- [Assignment]: The output should contain the listing word for word and no pictures.

- [Dataset content]:
'''

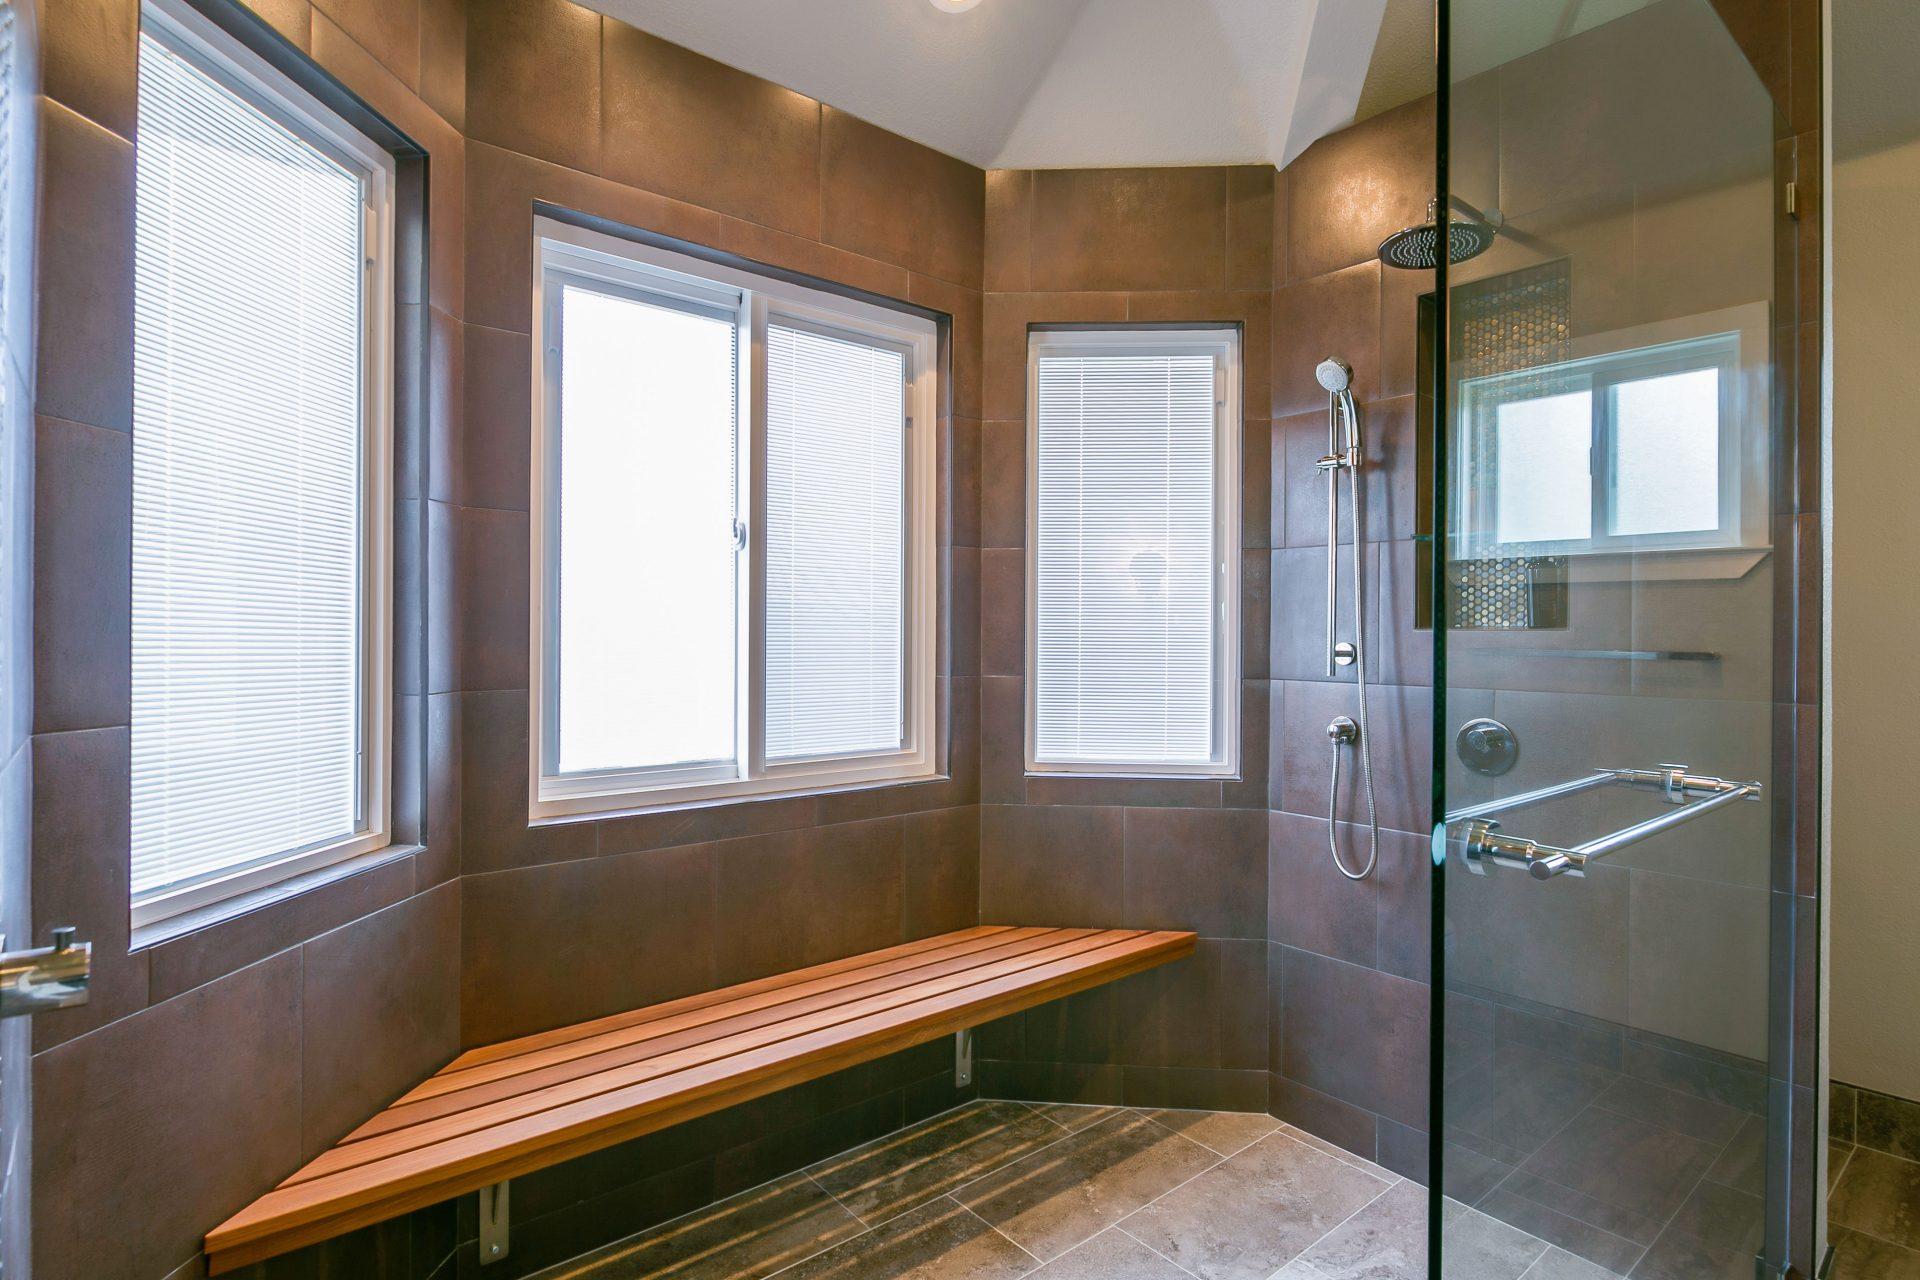 Updated shower bench
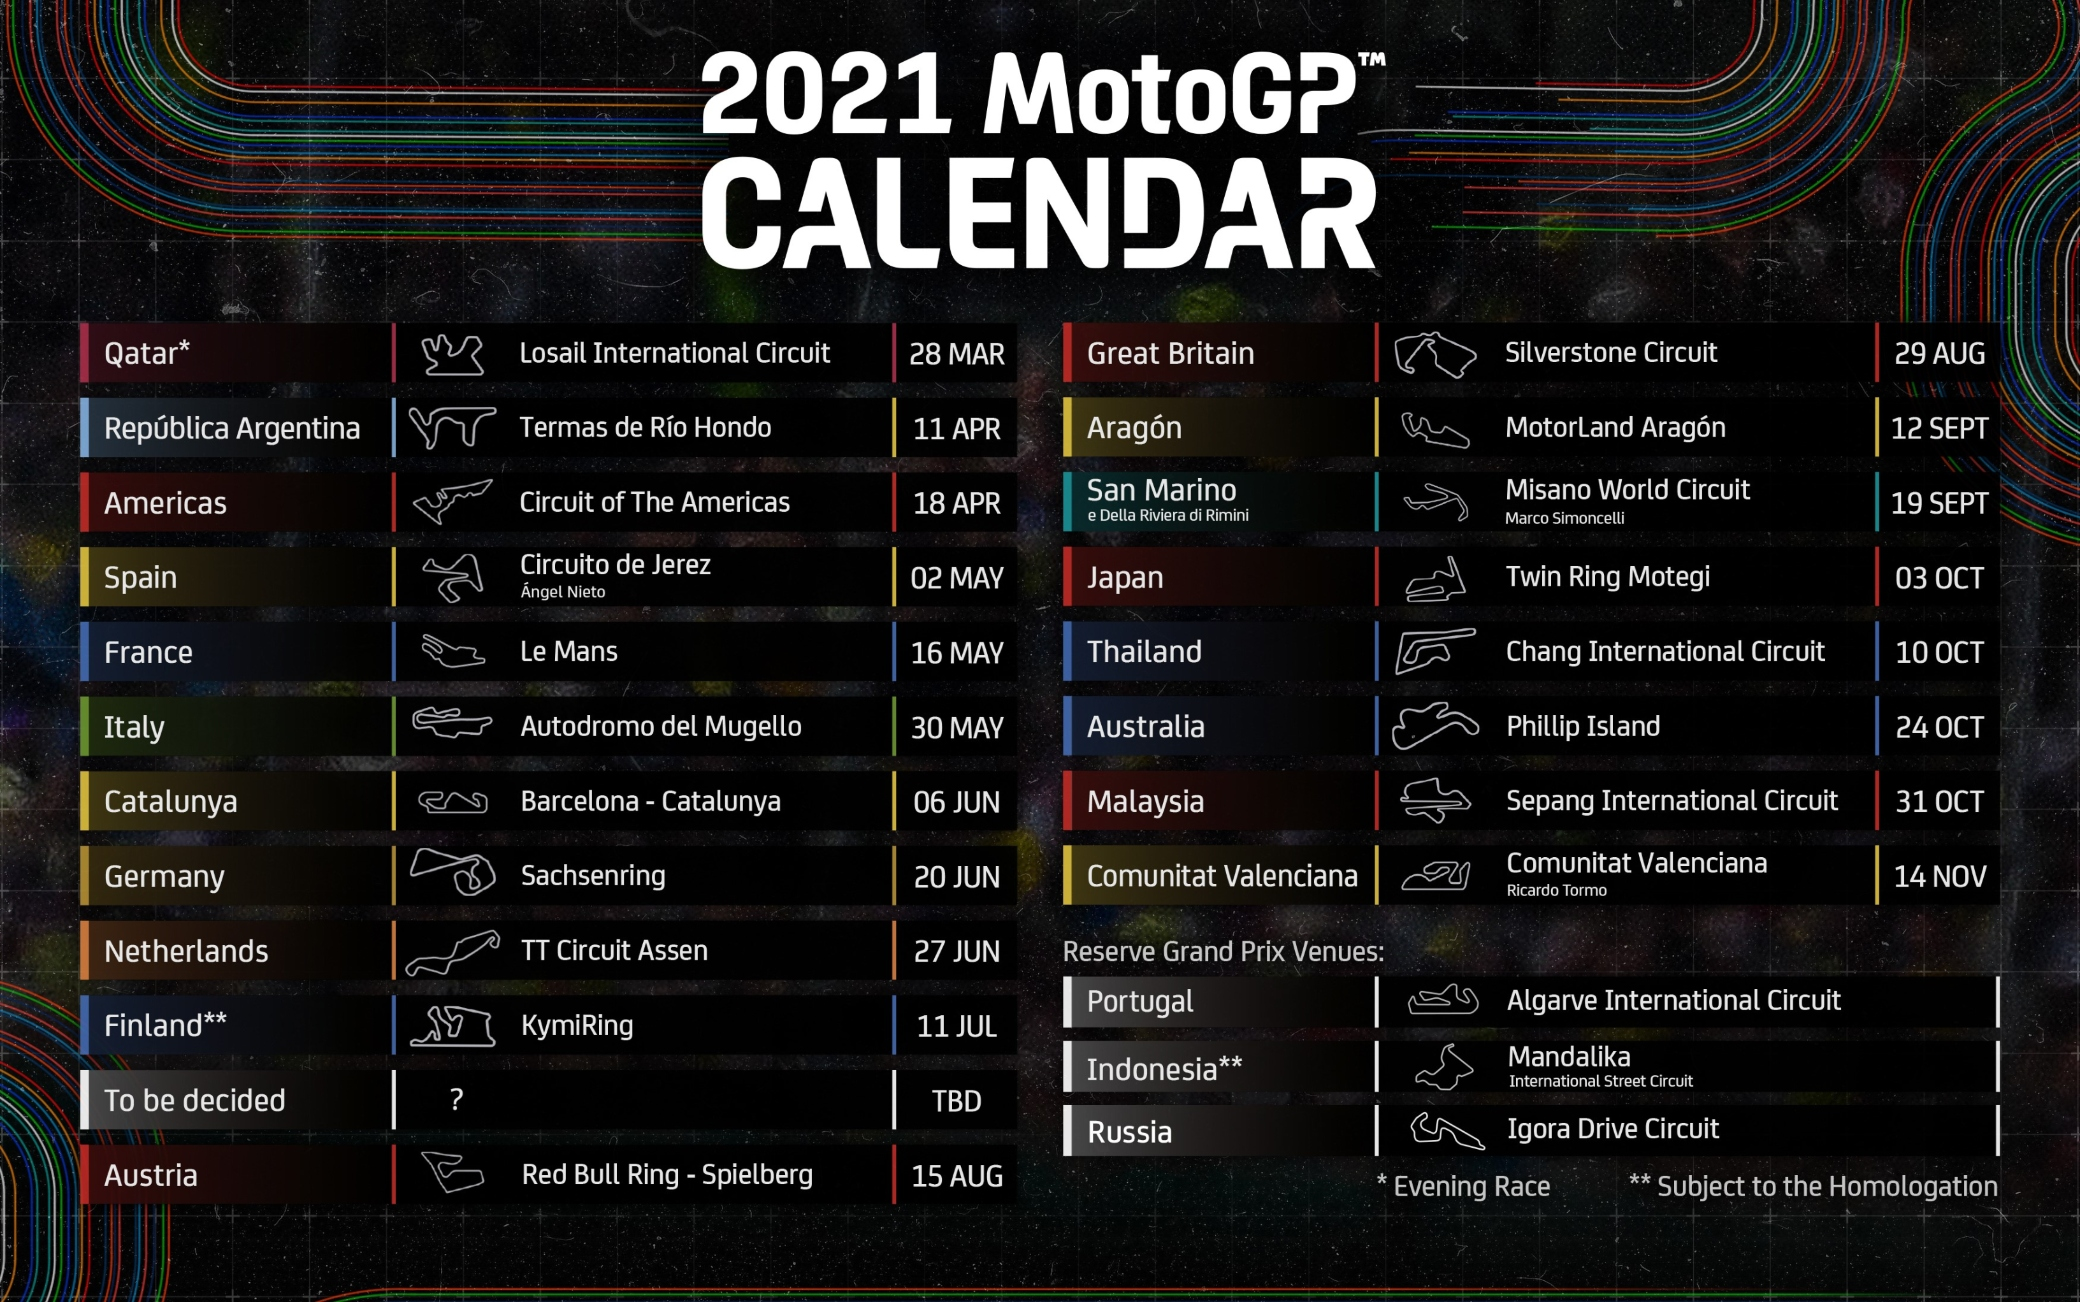 Moto 2 Calendario 2021 Calendario MotoGP 2021, la bozza con 20 GP e 3 'riserve' | Sky Sport
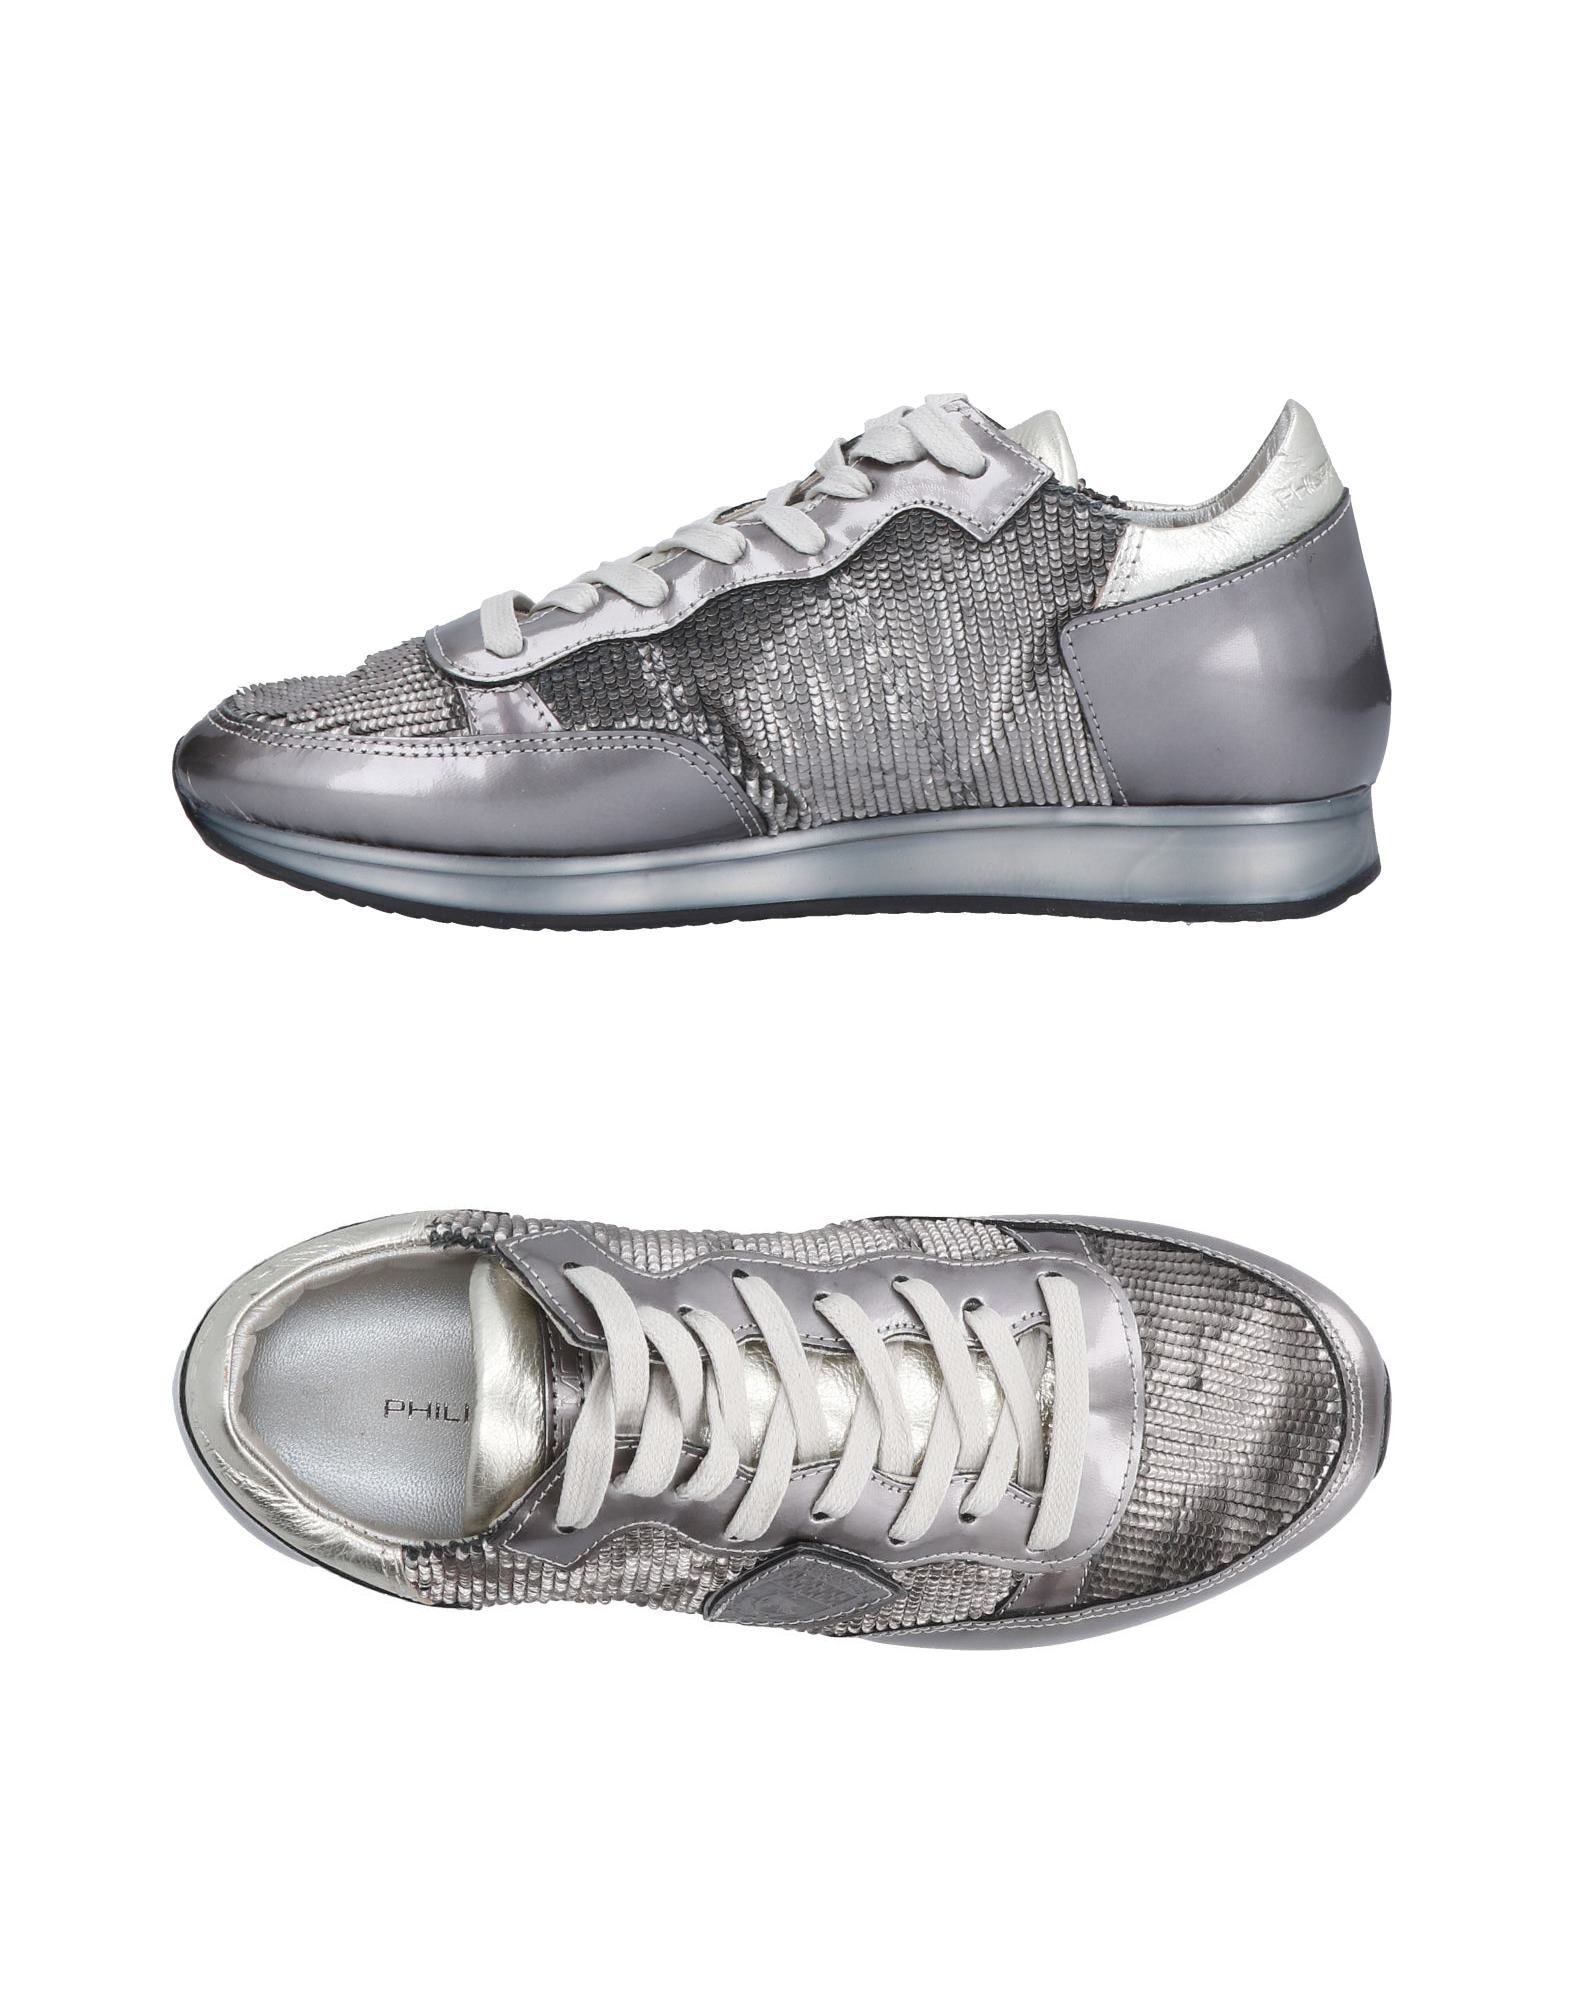 Baskets Philippe Model Femme - Baskets Philippe Model Plomb Chaussures femme pas cher homme et femme

'''

- [Solution to this task]:
 Updated shower bench
 Moto 2 Calendario 2021 Calendario MotoGP 2021, la bozza con 20 GP e 3 'riserve' | Sky Sport
 Baskets Philippe Model Femme - Baskets Philippe Model Plomb Chaussures femme pas cher homme et femme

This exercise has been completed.